Given its suburban community appearance, BTR also answers the need for rental housing in areas and municipalities across the U.S., including development-friendly states, that have looked with less favor on traditional multifamily rental complexes.

Of course, the increasingly prohibitive cost of home ownership remains likely the most compelling factor favoring BTR growth, Cushman & Wakefield reports. When the oldest Baby Boomers turned 44 in 1990, Boomers controlled 20 percent of the nation’s net worth. By contrast, when the oldest Millennials turned 43 last year, that generation represented only 6 percent of the nation’s net worth.

Difficulty in cobbling together down payments combined with steadily climbing home costs will mean a longer tenure in rental housing for Millennials, according to the Cushman & Wakefield report.

Evolving segment

With continued growth of the BTR segment, the kind of communities being developed is evolving. So says Chris Yuko, director of development for Marquette Companies, which recently commenced construction on The Sylvan, a community with 300-single-family homes, townhomes and apartments in suburban Houston’s The Woodlands.
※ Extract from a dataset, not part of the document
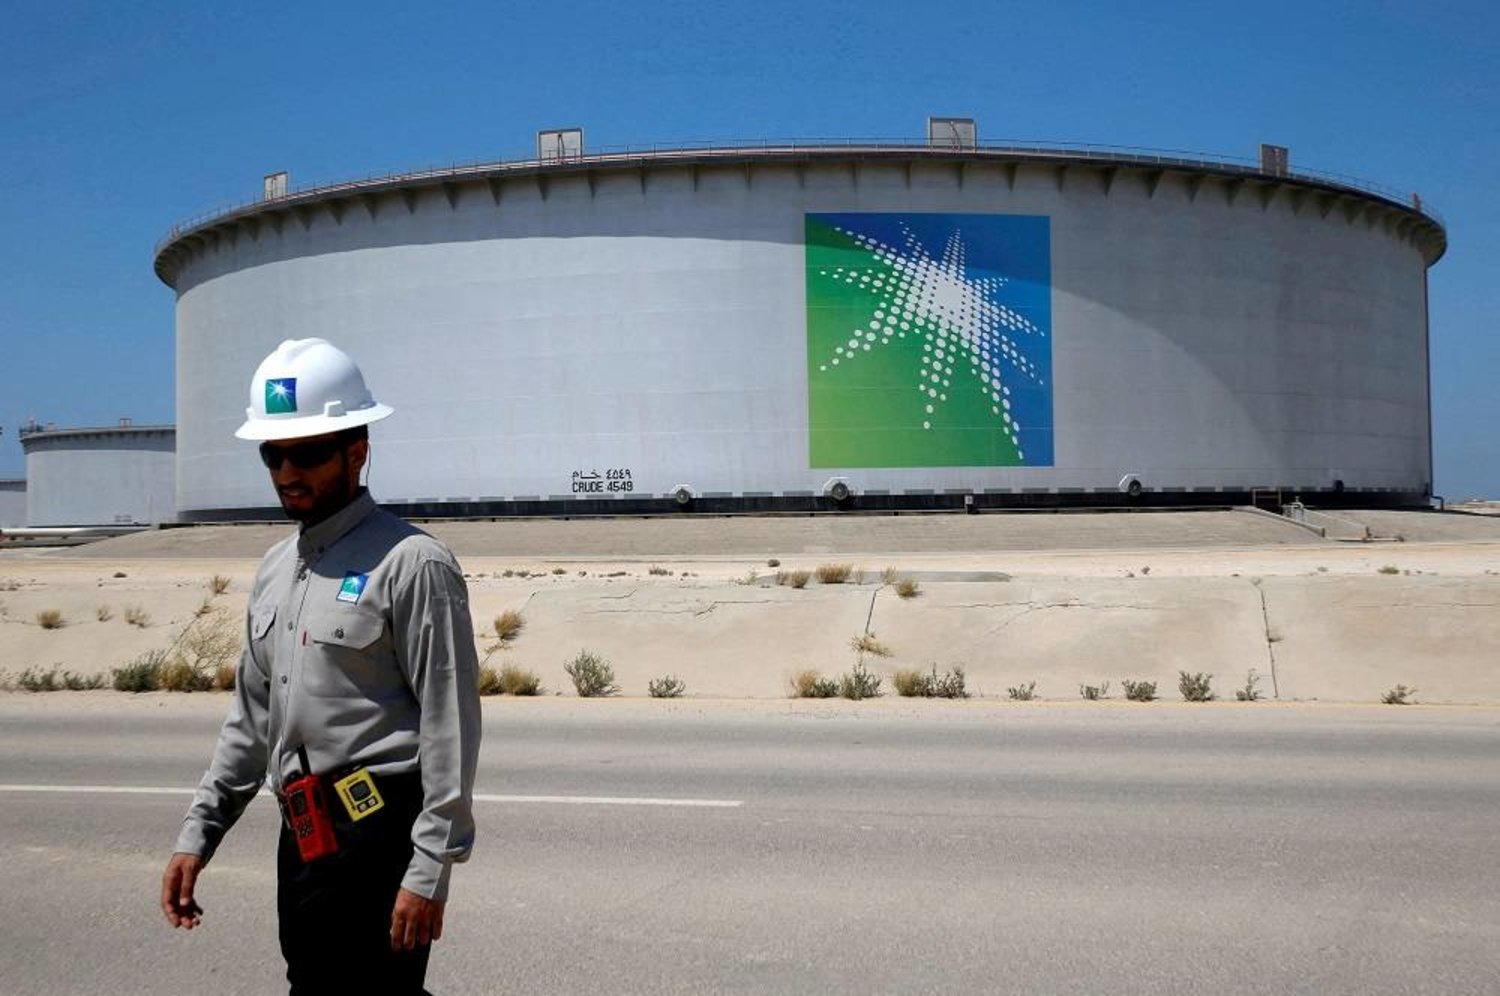 An Aramco employee walks near an oil tank at Saudi Aramco's Ras Tanura oil refinery and oil terminal in Saudi Arabia May 21, 2018. (Reuters)

Developers “are being asked to cater to residents at various life stages and lifestyle levels,” says Yuko, adding that the range of housing types at The Sylvan reflects that dynamic. Care has also been taken in its design to replicate an established enclave.
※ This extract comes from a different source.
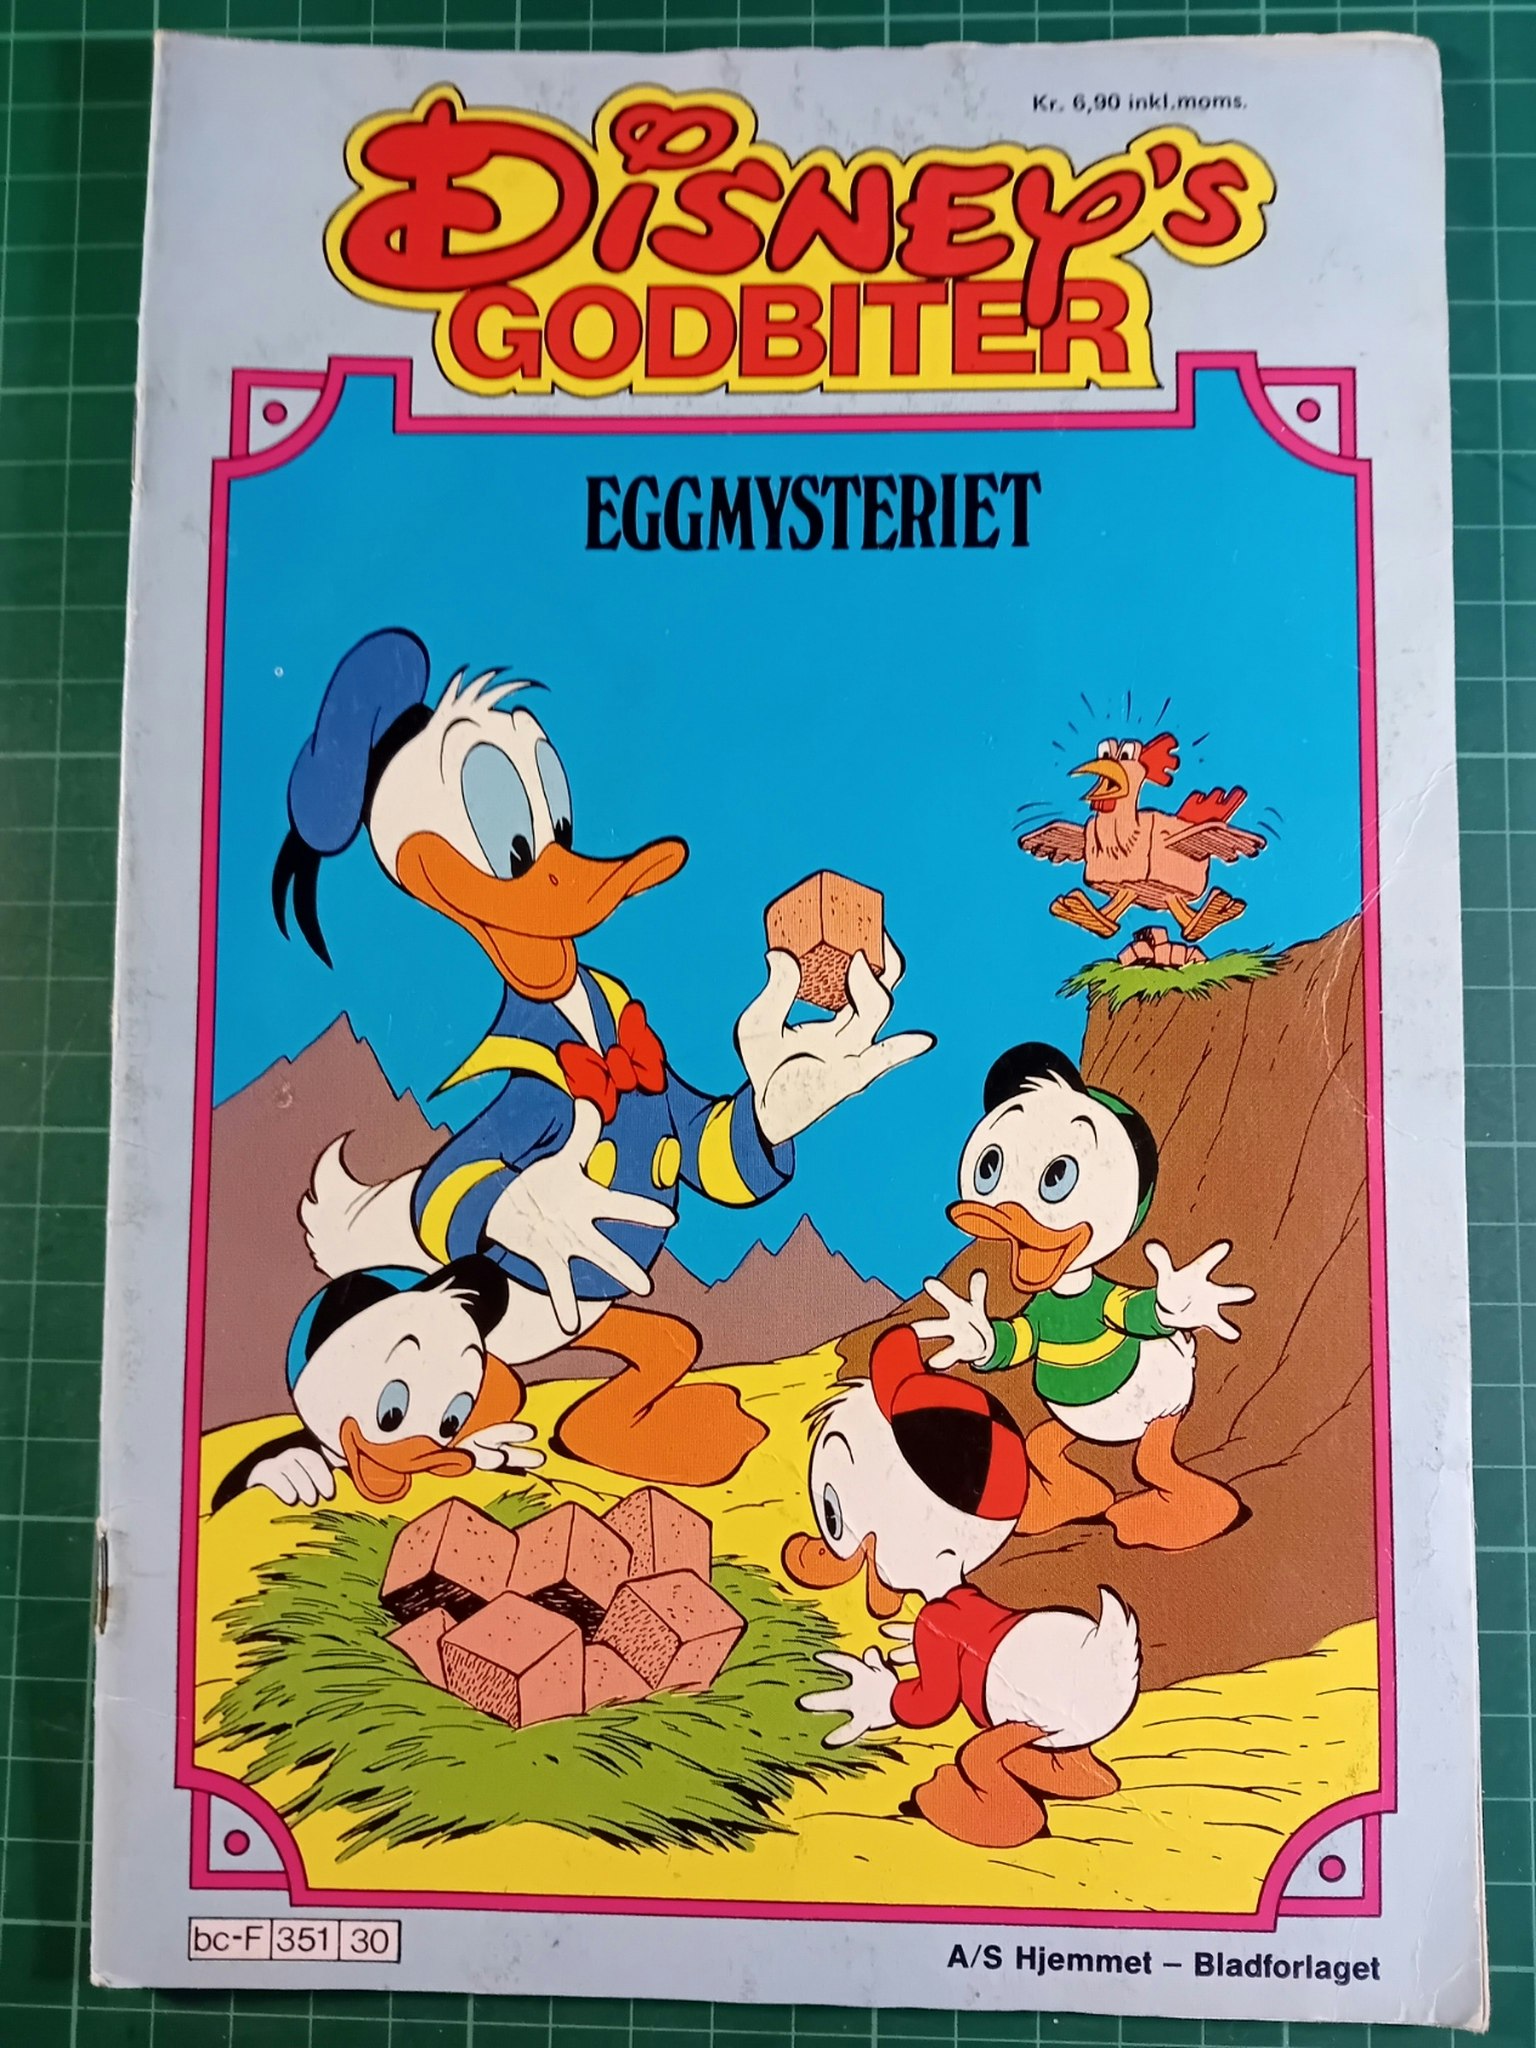 Walt Disney's godbiter : Eggmysteriet

“Our overall landscaping plan, which preserves the natural landscape and forestation by retaining dozens of old-growth trees, enhances the architecture, giving the community the look and feel of a traditional neighborhood.”

Oswego, Ill. is an ideal example of open exurban area referenced in the Cushman & Wakefield report. There, national real estate and property development firm Lynd, possessor of an ever-larger portfolio of BTRs, is developing Home at Ashcroft, which features 178 one- and two-story houses with two-car garages, extended driveways, private yards and in select residences, basements. A focus of the community this year is a $2 million clubhouse with fitness center, yoga area and outdoor swimming pool.

“In addition to fostering healthy bodies, minds and spirits, Lynd’s wellness programming turns neighbors into friends and developments into communities,” says Anthony Tiritilli, president of development. “It’s the ultimate amenity.”

Managing a BTR property requires different skills than overseeing traditional rental communities. So says Diana Pittro, executive vice president of RMK Management Corp., with 38 properties and more than 8,800 units under management in Midwestern states. For instance, BTRs’ budgets and expenses are different from those of apartment communities.

Greater numbers of dollars are allocated to landscaping and groundskeeping in larger BTR developments, less to corridors, elevators and amenity spaces associated with apartment towers or garden-style rental communities.

Look for “demographic tailwinds” to keep BTR numbers climbing higher, the Cushman & Wakefield report concludes. “The average prospective home buyer can afford 34 percent less house than just two years ago, all while home prices continue to climb,” author Sam Tenenbaum wrote in December. “Given these circumstances, the case for build-to-rent is clearly a compelling option in today’s market.”